International Trade Law

How the World Trade Organization practice law and how do they regulate?

Introduction

International trade has become, in today’s global world, an usual and common practice for countries to exchange goods and services. In order to regulate and stimulate free trade, in 1995 the world trade organization was established. Most of the WTO’s current work comes from the Uruguay Round (1986 – 1994) and General Agreement on Tariffs and Trade (GATT) negotiations. Currently, 159 countries are members and the Organization hold a budget of 196 million Swiss francs (World Trade Organization, 2014). They are based in Geneva, Switzerland and the Head is Roberto Azevêdo (Director-General). When countries encounter trade barriers and want to lower them, the WTO negotiations help to open the markets for free trade, but also sometimes its rules support maintaining trade barriers – e.g. to protect consumers. The heart of the WTO are its agreements, of which one is currently held in Doha, in part of the “Doha Development Agenda” launched in 2001.

Unfortunately, international trade and globalisation are blamed by many for things that are wrong in the world: from child labour and hunger to pollution. However most economists agree that international trade, in general, can be beneficial for all countries if they practice it smart and wisely. As Adam Smith in his famous book The Wealth of Nations pointed:

“It is the maxim of every prudent master of a family, never to attempt to make at home what it will cost him more to make than to buy. The tailor does not attempt to make his own shoes, but he buys them from the shoemaker. The shoemaker does not attempt to make his own cloths, but employs a tailor. The farmer attempts to make neither the one nor the other, but employs those different artificers. All of them find it for their interest to employ their whole industry in a way in which they have some advantage over their neighbours, and to purchase with a part of its produce, or what is the same thing, with the price of a part of it, whatever else they have occasion for (Smith, 1776).” Here he has basically explained us the concept of comparative advantage and how international trade can benefit all producers and countries. However, in order to benefit to all humankind international trade has to be managed properly. In this research paper, legal policies, principles, customs and common practices of the WTO will be discussed and how far can they actually go in sanctioning and punishing their members.

Main Body

In 1997 Peter Sutherland (former GATT and WTO Director) expressed how important is to have an international system to provide equity for all trade parties:

“The greatest economic challenge facing the world is the need to create an international system that not only maximizes global growth but also achieves a greater measure of equity, a system that both integrates emerging powers and assists currently marginalized countries in their efforts to participate in worldwide economic expansion... The most important means available to secure peace and prosperity into the future is to develop effective multilateral approaches and institutions (Sutherland, 1997).”

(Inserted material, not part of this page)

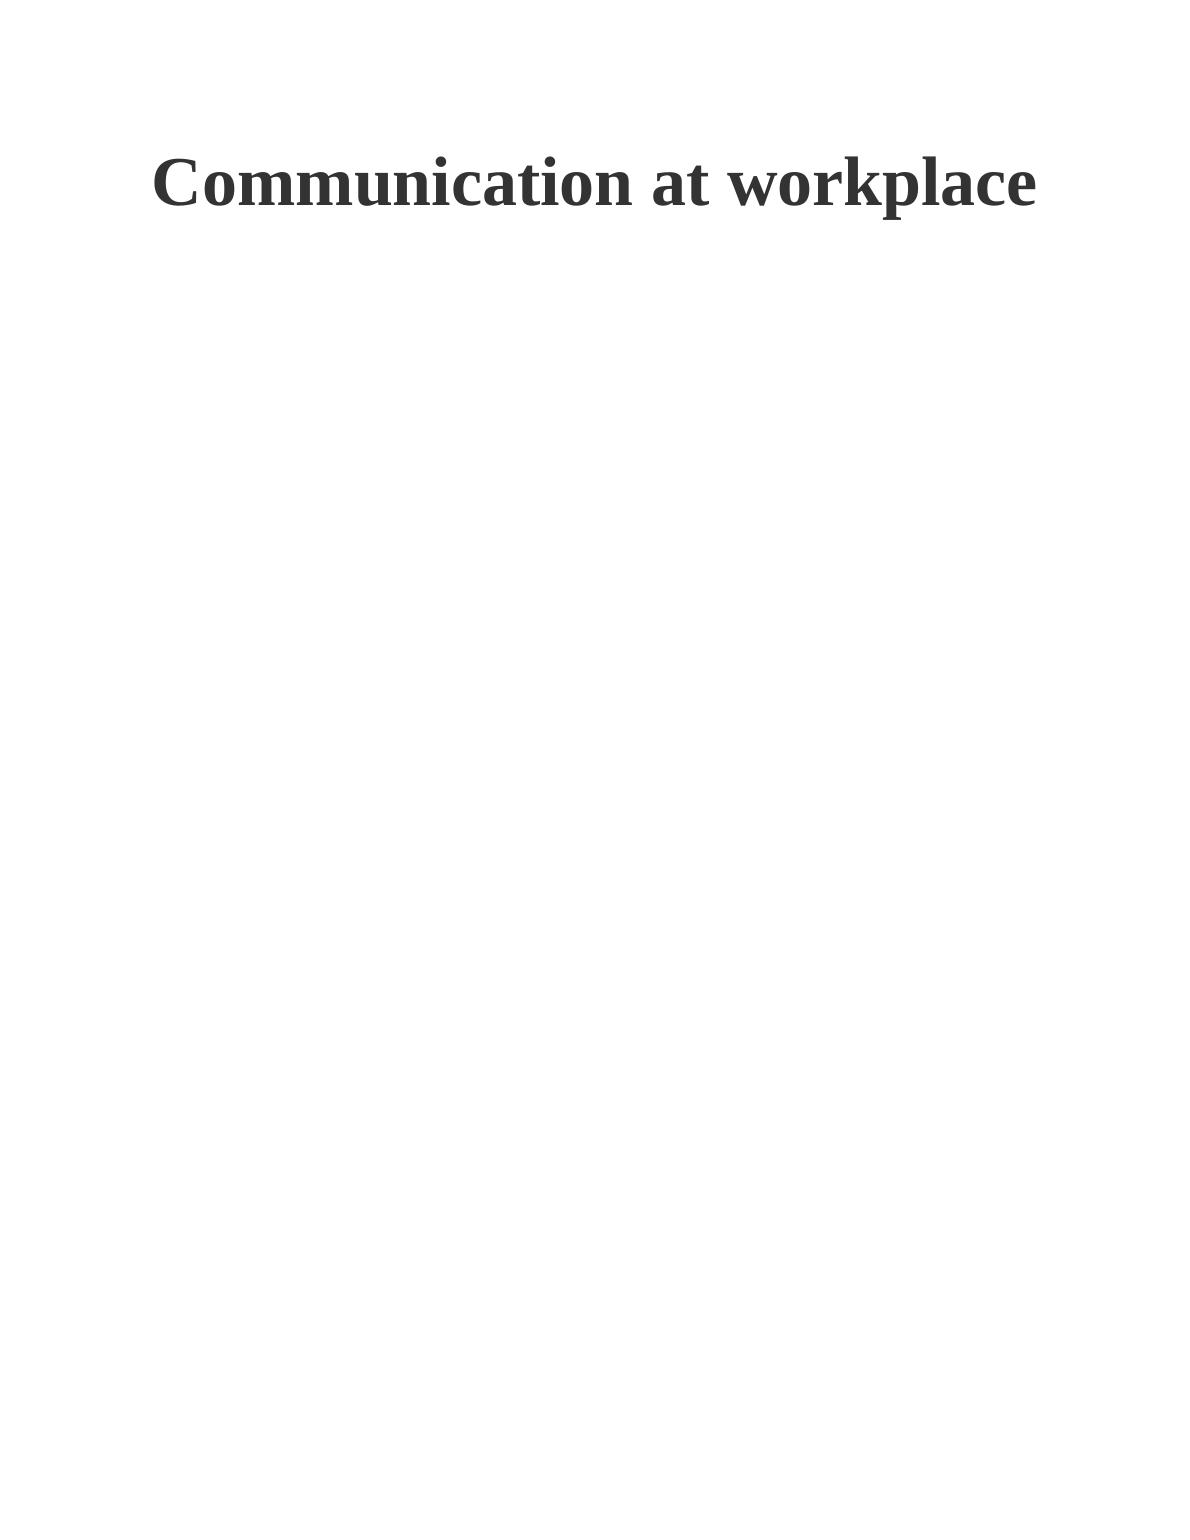 Workplace Communication | Assignment_1

There are actually four basic reasons why there is a need for international trade rules. First, countries must be restrained from adopting trade-restrictive measures both in their own interest and in that of the world economy. International trade rules restrain countries from taking trade-restrictive measures. Such measures may benefit specific short-term interests of small groups, but can harm general economic interests of the country adopting them. These measures can also lead to mercantilism, where other countries also would adopt trade-restrictive measures and in that way healthy international trade would be impossible. The second reason, why international trade rules are important, lies in the fact that they offer security and predictability for all parties participating in the trade. A third reason why international trade rules are necessary is that national governments alone simply cannot cope with the challenges presented by economic globalisation (Bossche, 2005). The final reason is the need to achieve a greater measure of equity in international economic relations.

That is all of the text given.